- **Your assignment**
Please give back the listing exactly, without any of its pictures.

Given data section start

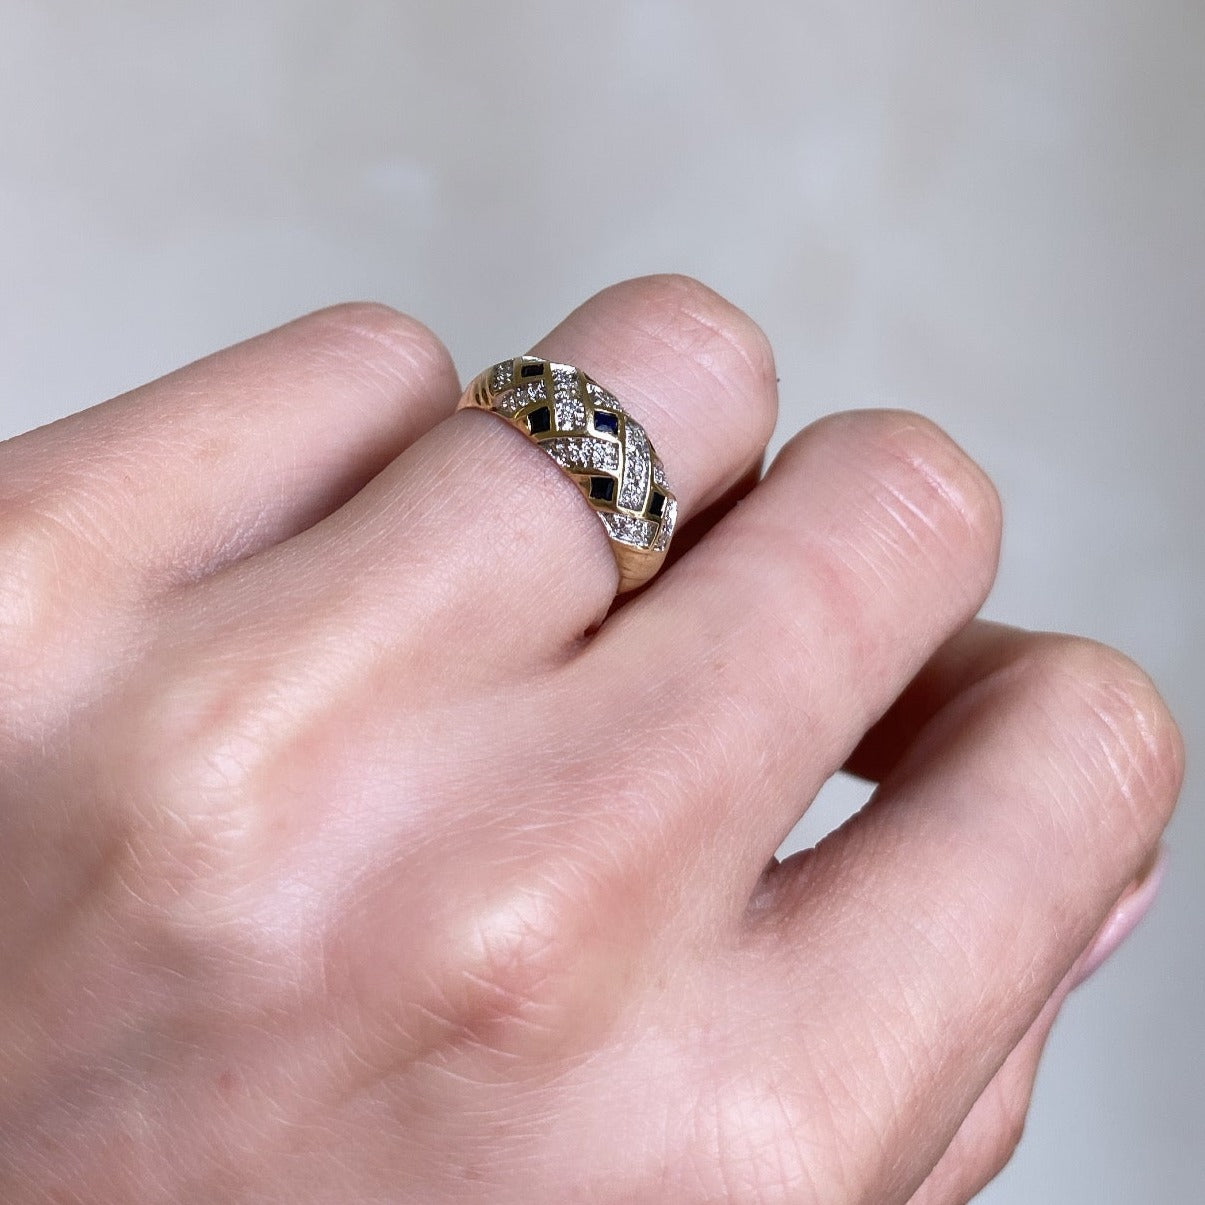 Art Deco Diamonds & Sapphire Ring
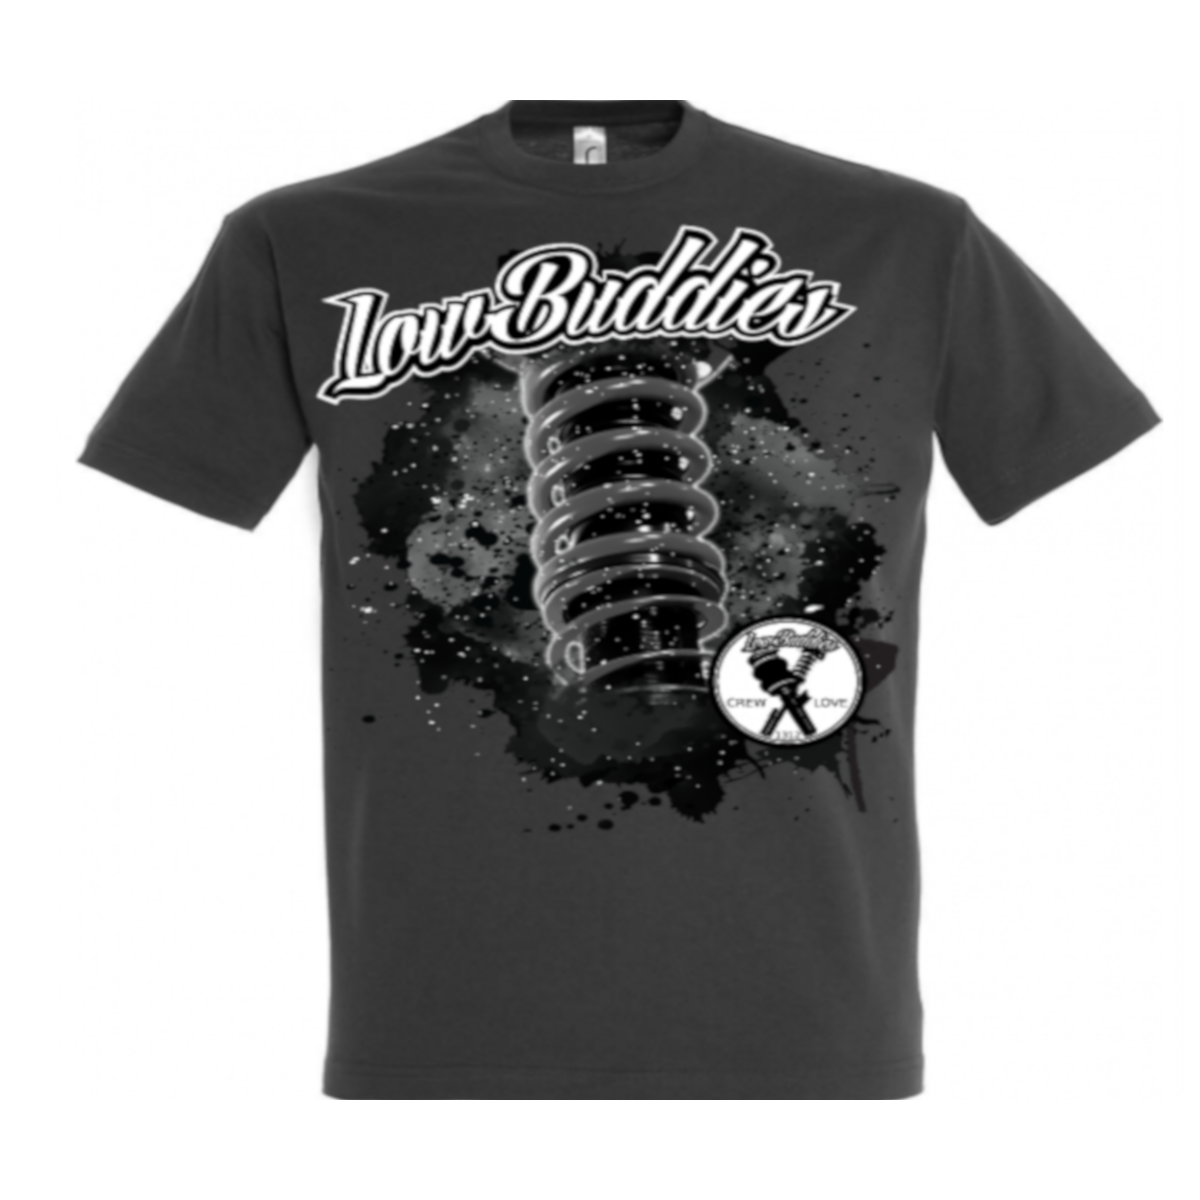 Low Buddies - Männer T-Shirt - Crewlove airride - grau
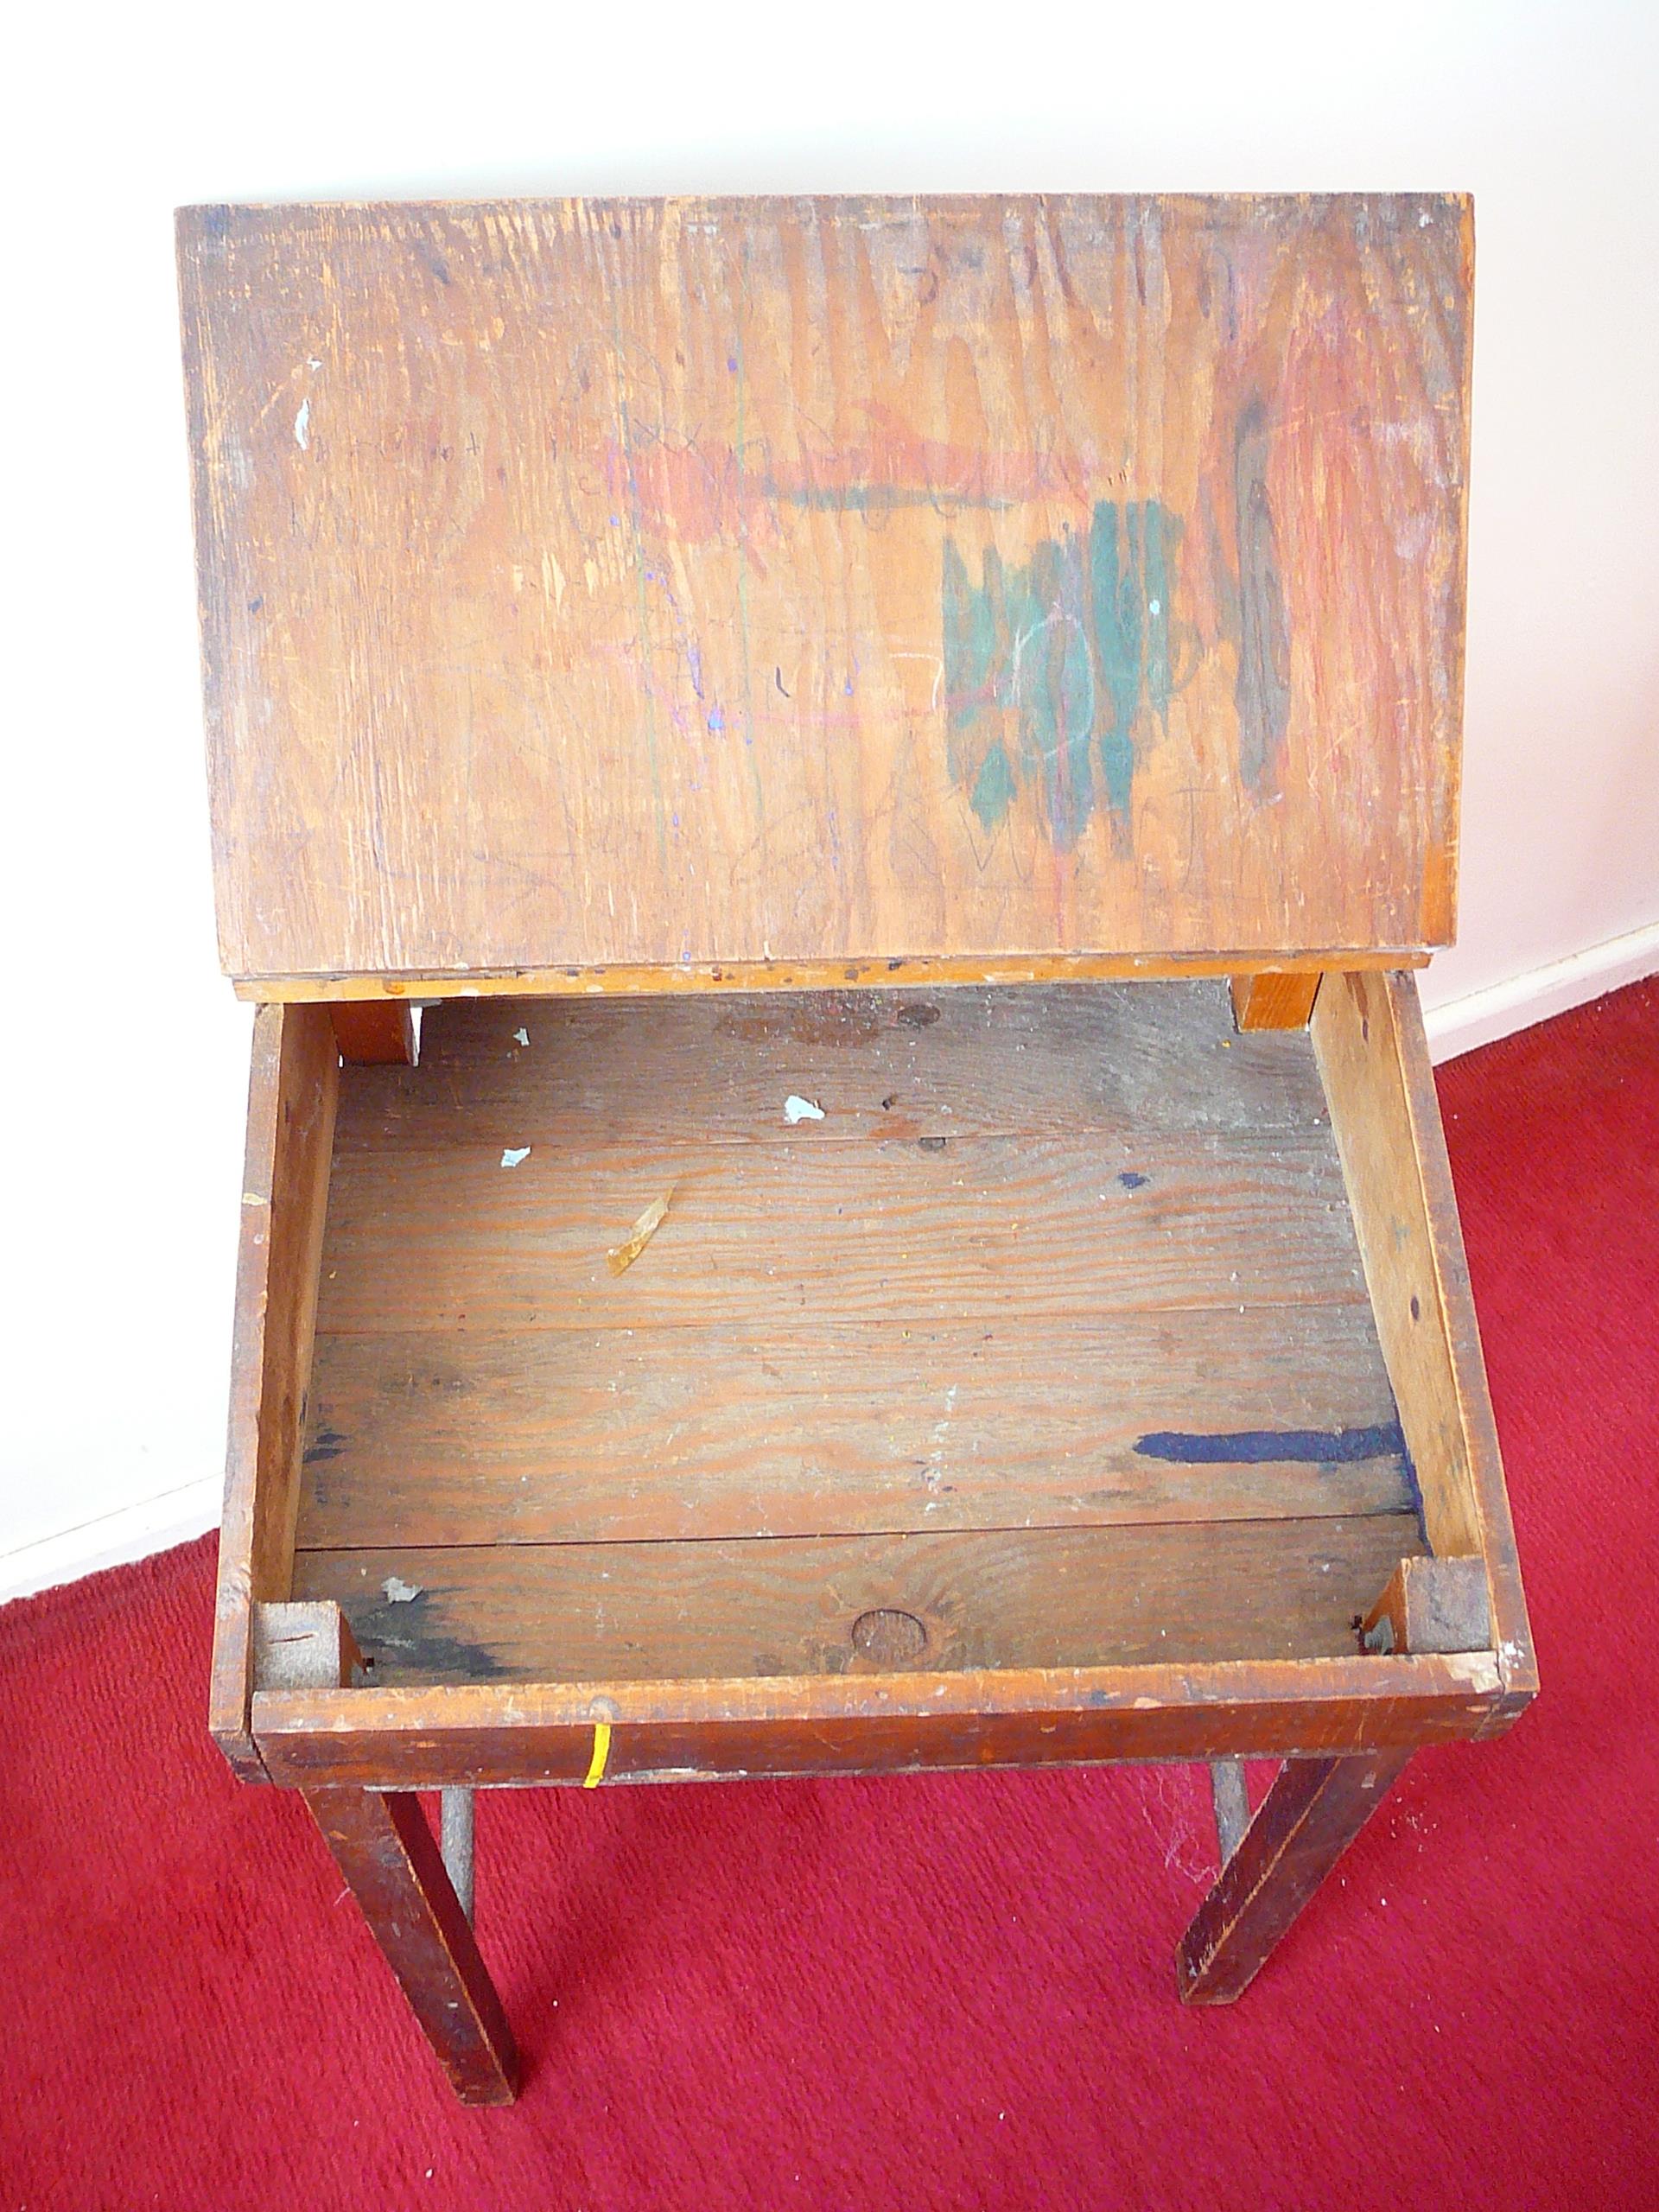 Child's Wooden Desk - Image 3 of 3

Given data section end

- **Solution to this task**
 Art Deco Diamonds & Sapphire Ring
 Low Buddies - Männer T-Shirt - Crewlove airride - grau
 Child's Wooden Desk - Image 3 of 3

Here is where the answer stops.